Perkasie’s Ties to a Strange Victorian Murder Mystery

Was it the veal or the arsenic that killed Mrs. Roberts? In May 1878, the national newspapers were abuzz with that question during a trial that featured one of Perkasie’s first businessmen.

Frank Willett and his brother Allen Willett had moved to the Perkasie area in the 1870s to start a sawmill and a wheelmaking shop. But after several trips to Camden with his wife Harriett to check on her parent’s sudden illness, Frank Willett stood accused of complicity in a deadly poisoning.

Willett Brothers, an early Perkasie business

The Bishop Poisoning trial took place from April to late May 1878 along with a second case in Camden, the Armstrong murder.
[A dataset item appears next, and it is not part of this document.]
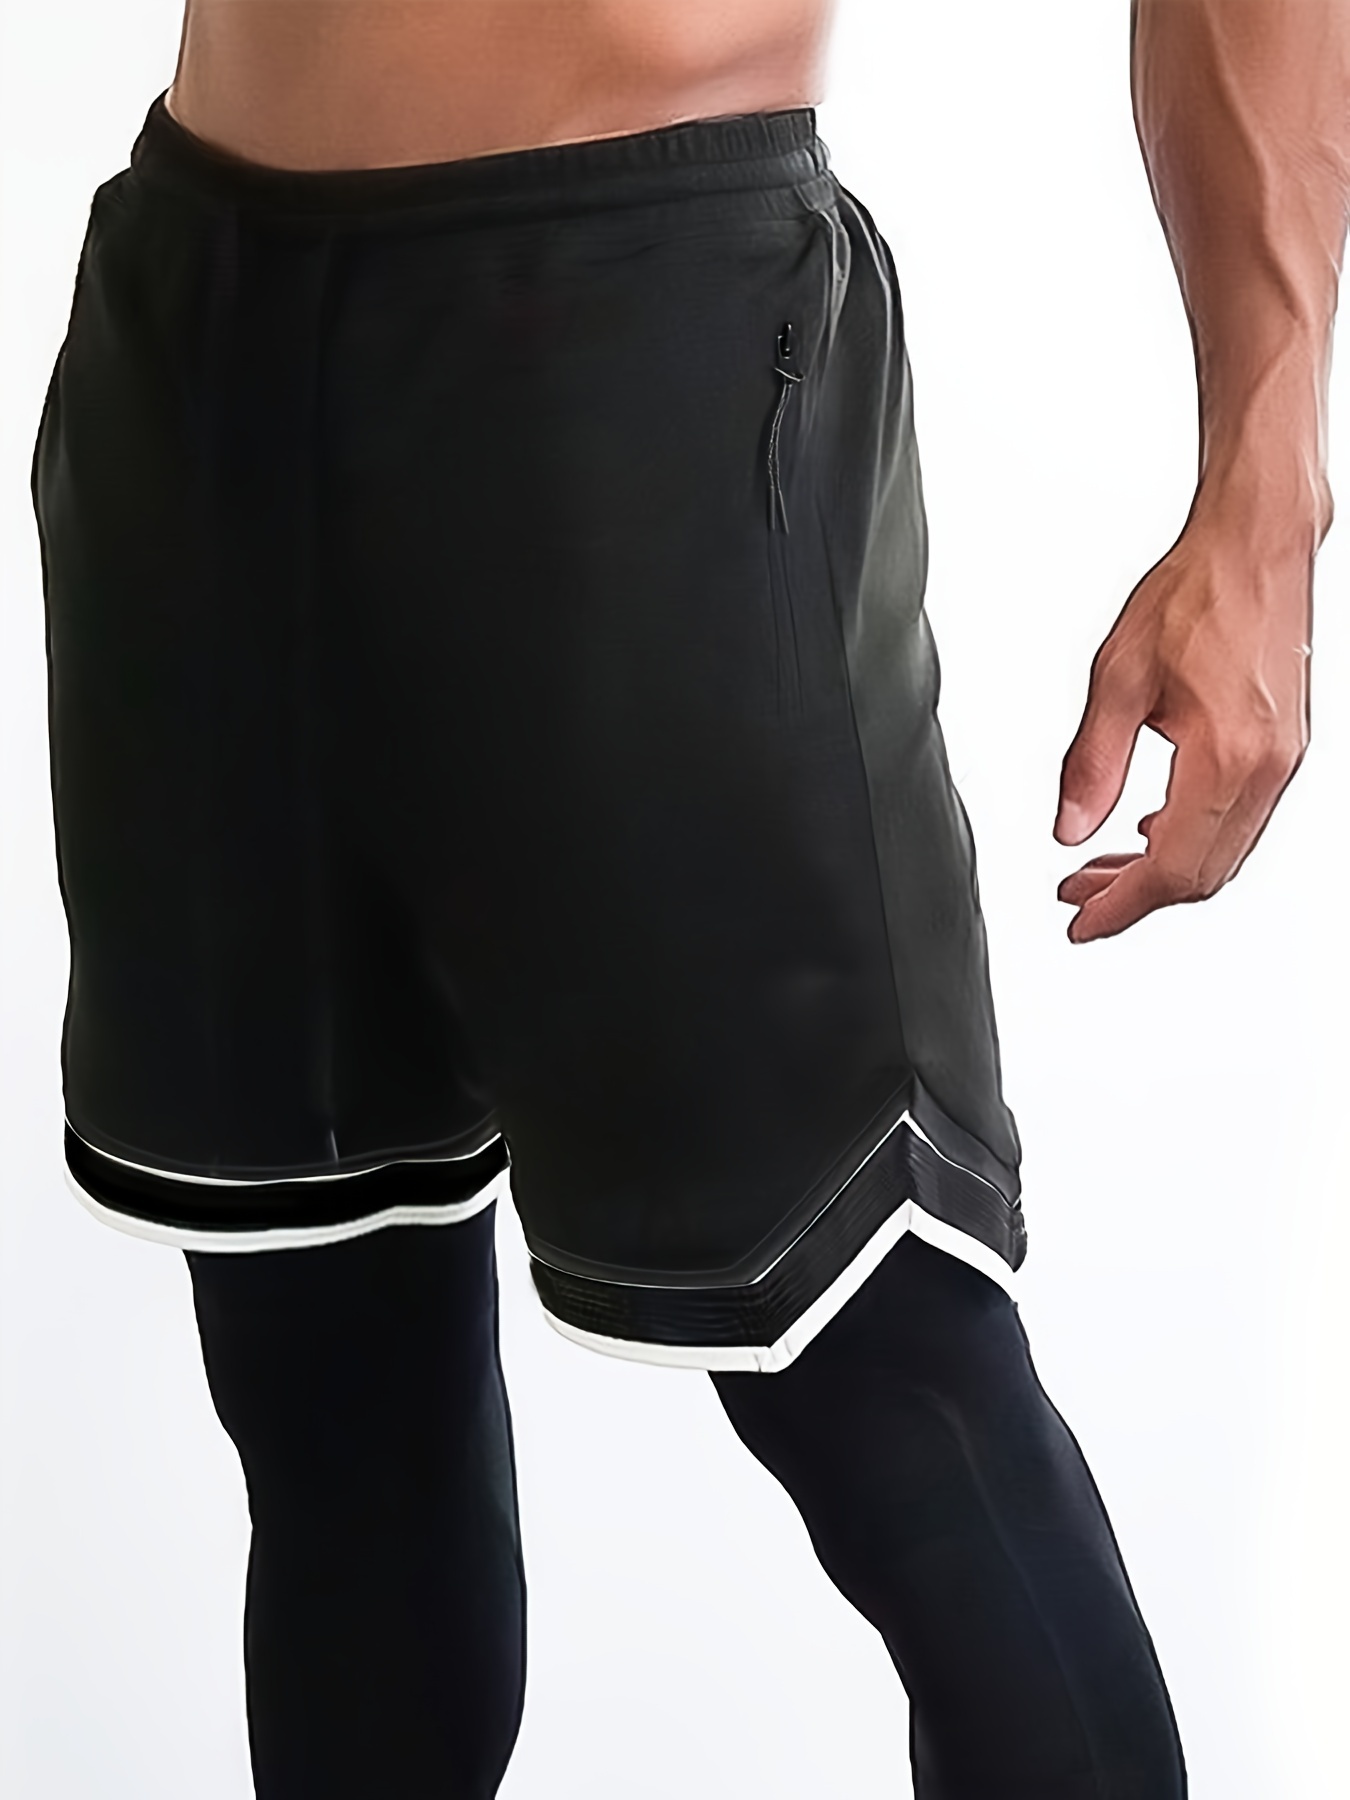 Honganda Fitness Basketball Shorts, Double Layer Lightweight Leggings

In the end, the Bishop case focused on the enigmatic Emma Bethel, the Bishop family’s housekeeper. Harriett Willett’s parents, Rickoleth and Hannah Bishop, had died mysteriously, and twists and turns in the “Bishop Poisoning” case, fed by rabid newspapers, were a national sensation.

Franklin E. Willett was born in Newtown, Pa., and joined the Union Army at the age of 16 when he went to Doylestown to enlist. After the war, Willett became a train conductor for the Camden and Atlantic Railroad and he met Harriett Bishop from Berlin, N.J. They married and started a family. However, Frank Willett changed careers after he was attacked by an unknown assailant on a train in August 1872, and the Willetts moved to Rockhill Township, Pa. Frank and Harriett Willett lived in Perkasie village, and Frank signed the petition for Perkasie to gain borough status. Allen Willett lived at the sawmill just north of Perkasie.
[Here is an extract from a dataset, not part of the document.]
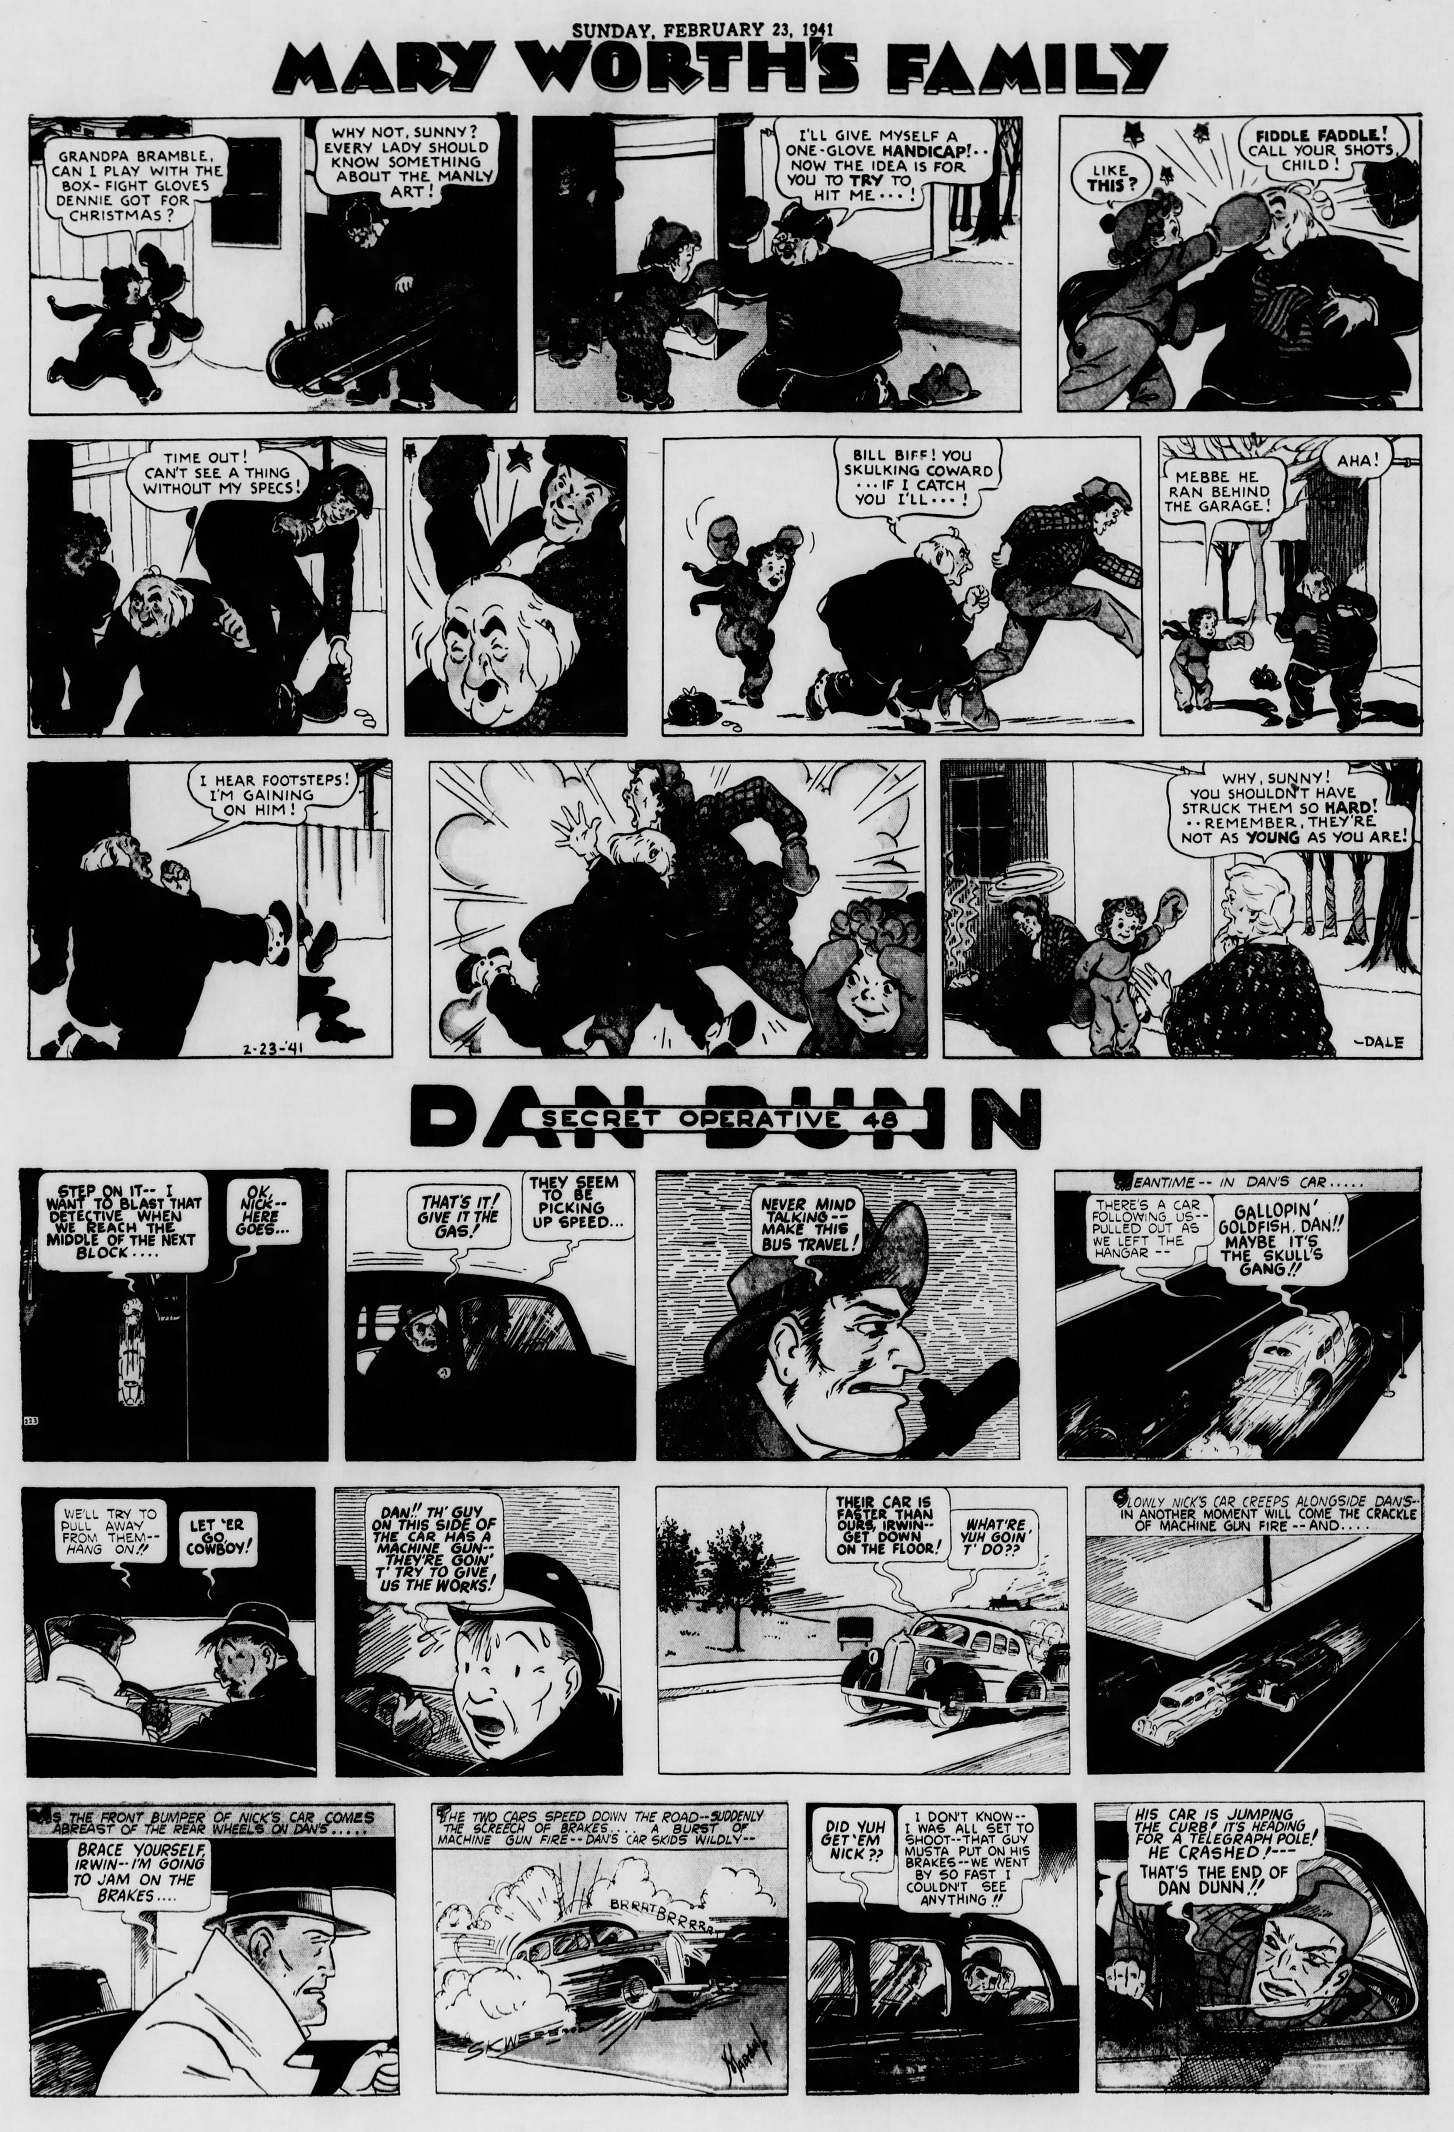 The_Brooklyn_Daily_Eagle_Sun__Feb_23__1941_(7).jpg

According to later court testimony, in late February 1878 the Willetts learned of Harriett’s mother’s illness after a veal pot pie meal and Harriett Willett traveled south to Berlin, near Camden, to take care of her mother; Frank Willett arrived later that night. Harriett Willett left after 10 days, and her mother’s care reverted to Emma Bethel, the family housekeeper. Hannah Bishop died two days later.  After Hannah Bishop’s funeral, Rickoleth Bishop, her father, fell ill 12 days later with similar symptoms. Harriett Willett again returned to the family’s farm. Two days after she left for Perkasie, her father passed away.
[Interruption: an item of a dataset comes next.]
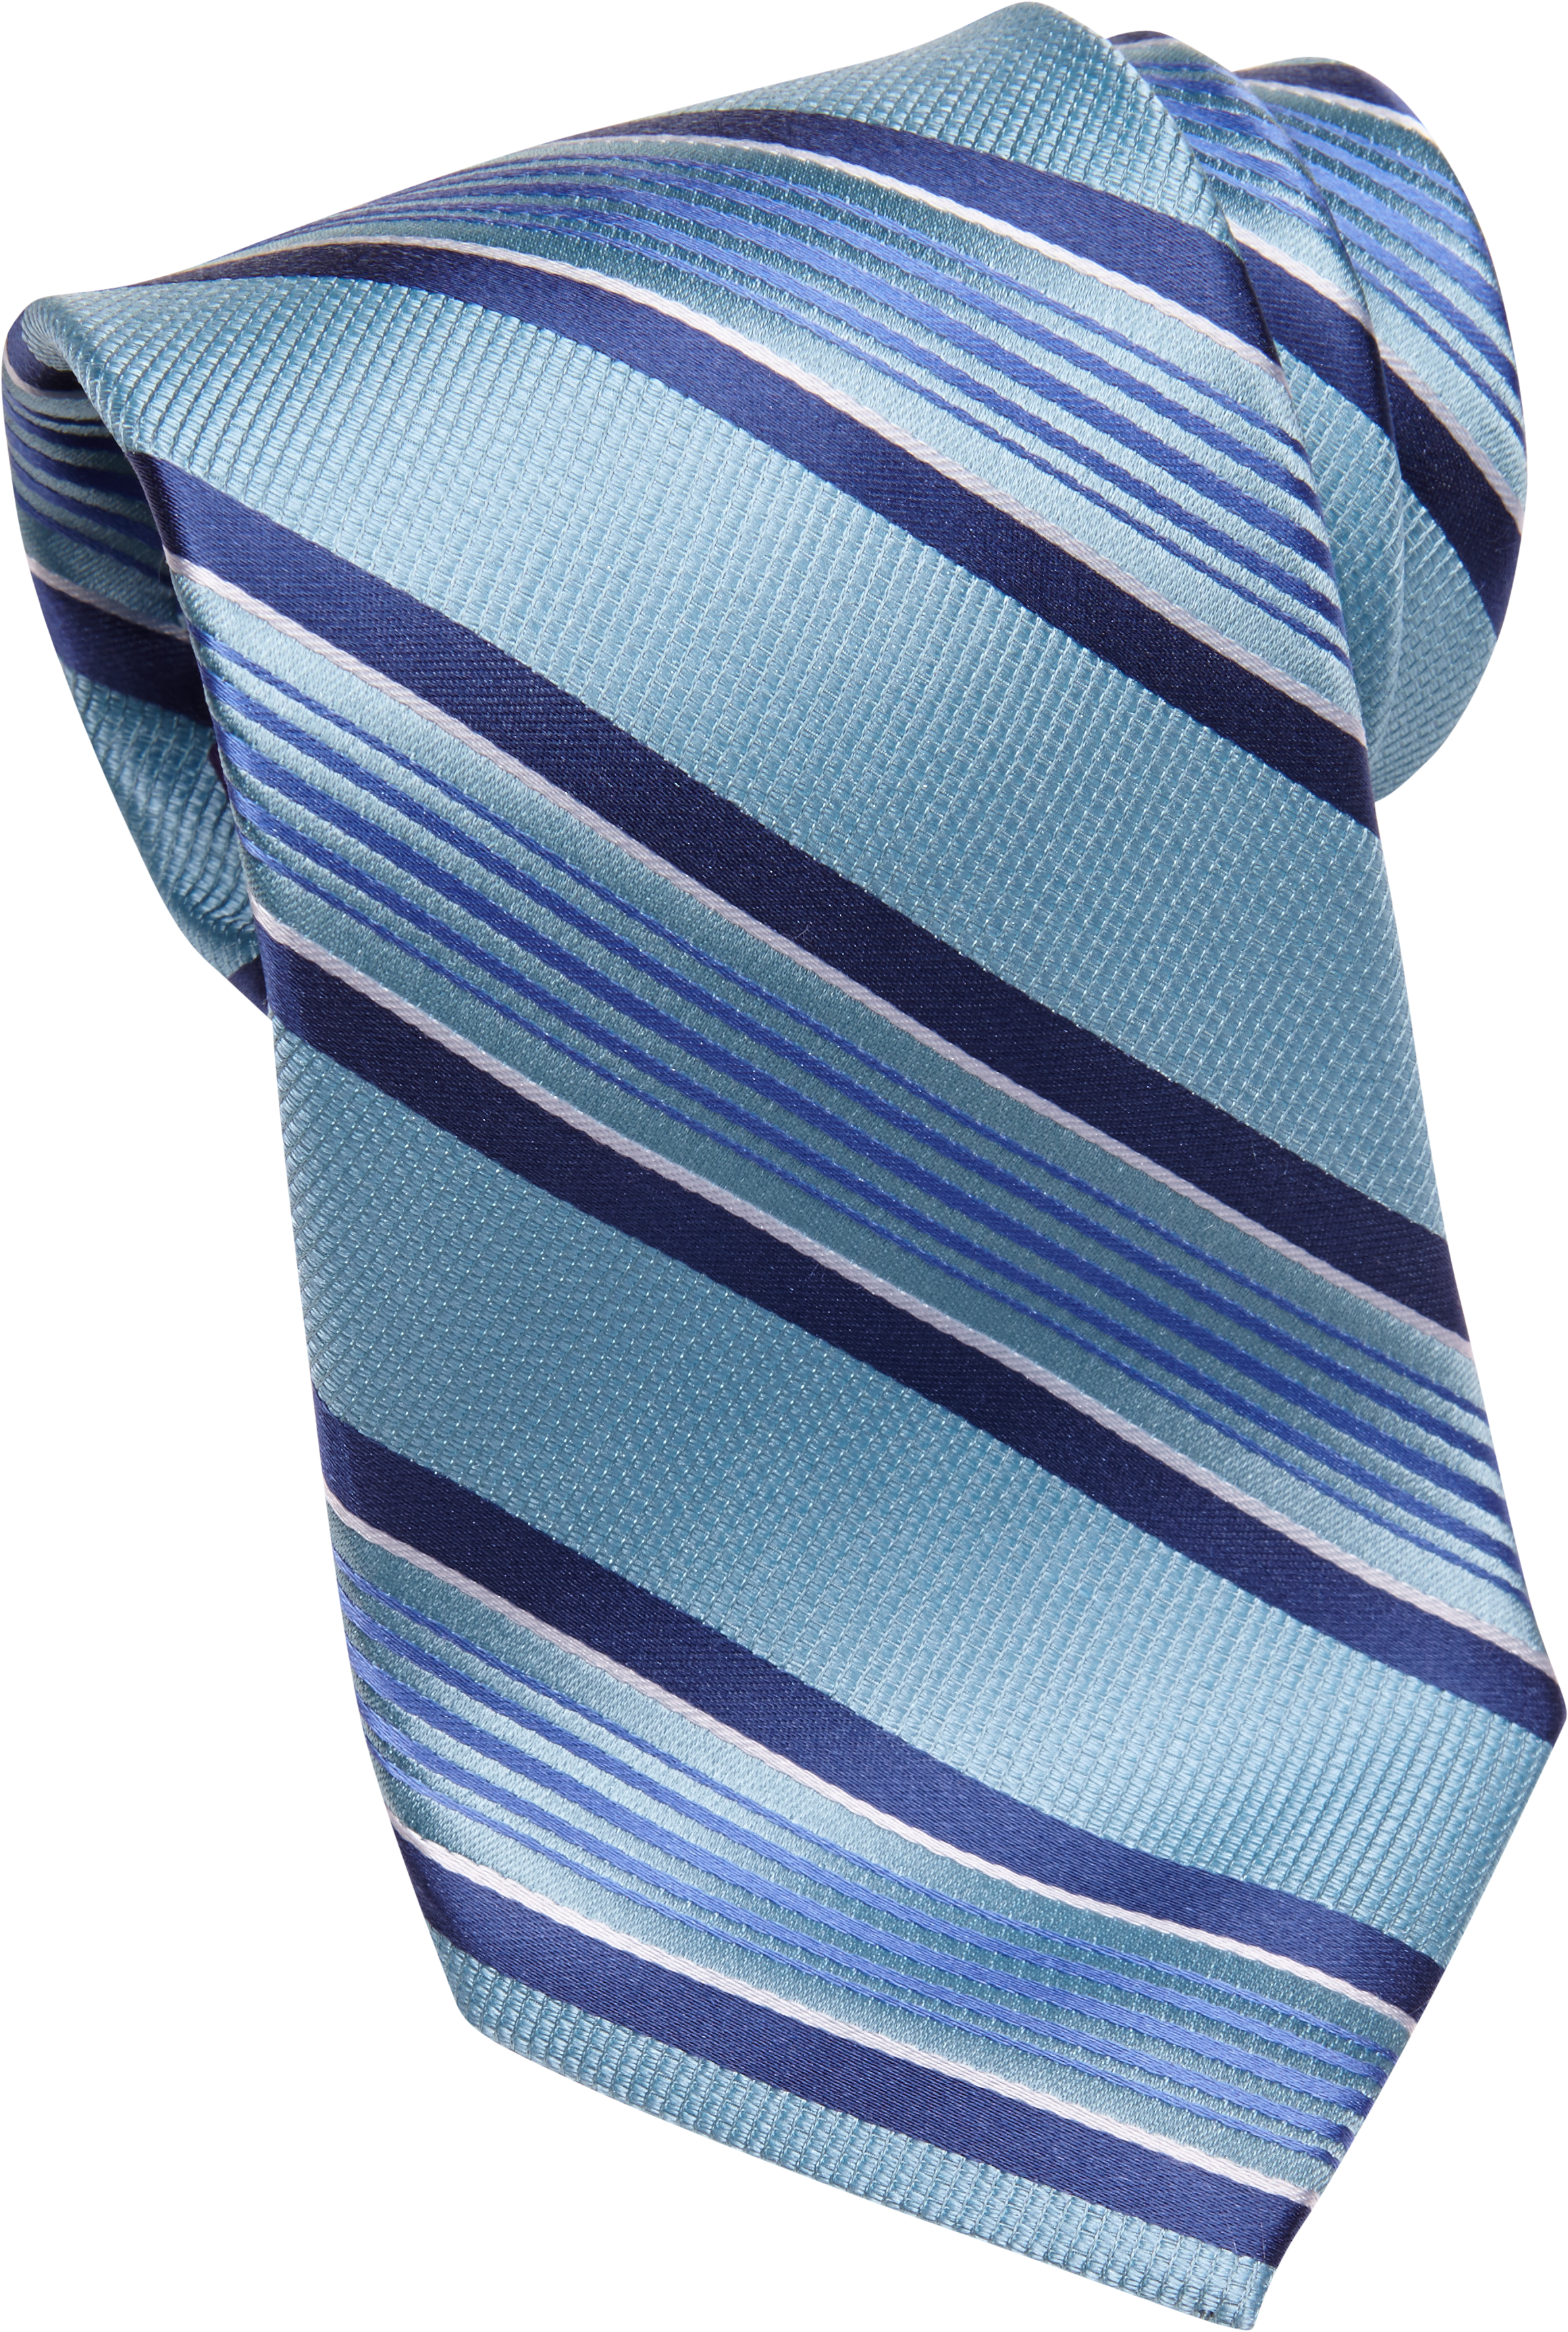 Burma Bibas Aqua Striped Tie - Men's | Men's Wearhouse

There was talk in the community of a conflict between Emma Bethel and the Bishops over their son, George Bishop, who also was a Camden and Atlantic Railroad train conductor. George was a widower, and the rumor was George and Emma planned to marry – a plan that was opposed by George’s parents.

Shortly after the deaths, Emma Bethel left the Bishop farm to work briefly in Philadelphia and returned to New Jersey to stay with friends and family just north of Berlin. Emma reportedly told her cousin she put arsenic in a meal that featured veal pie, coffee and tea. Bethel claimed the arsenic was supplied with instructions for its use by Frank Willett from Perkasie. Sheriff Daubman was summoned and in short time, Emma Bethel, George Bishop and Frank Willett were in custody.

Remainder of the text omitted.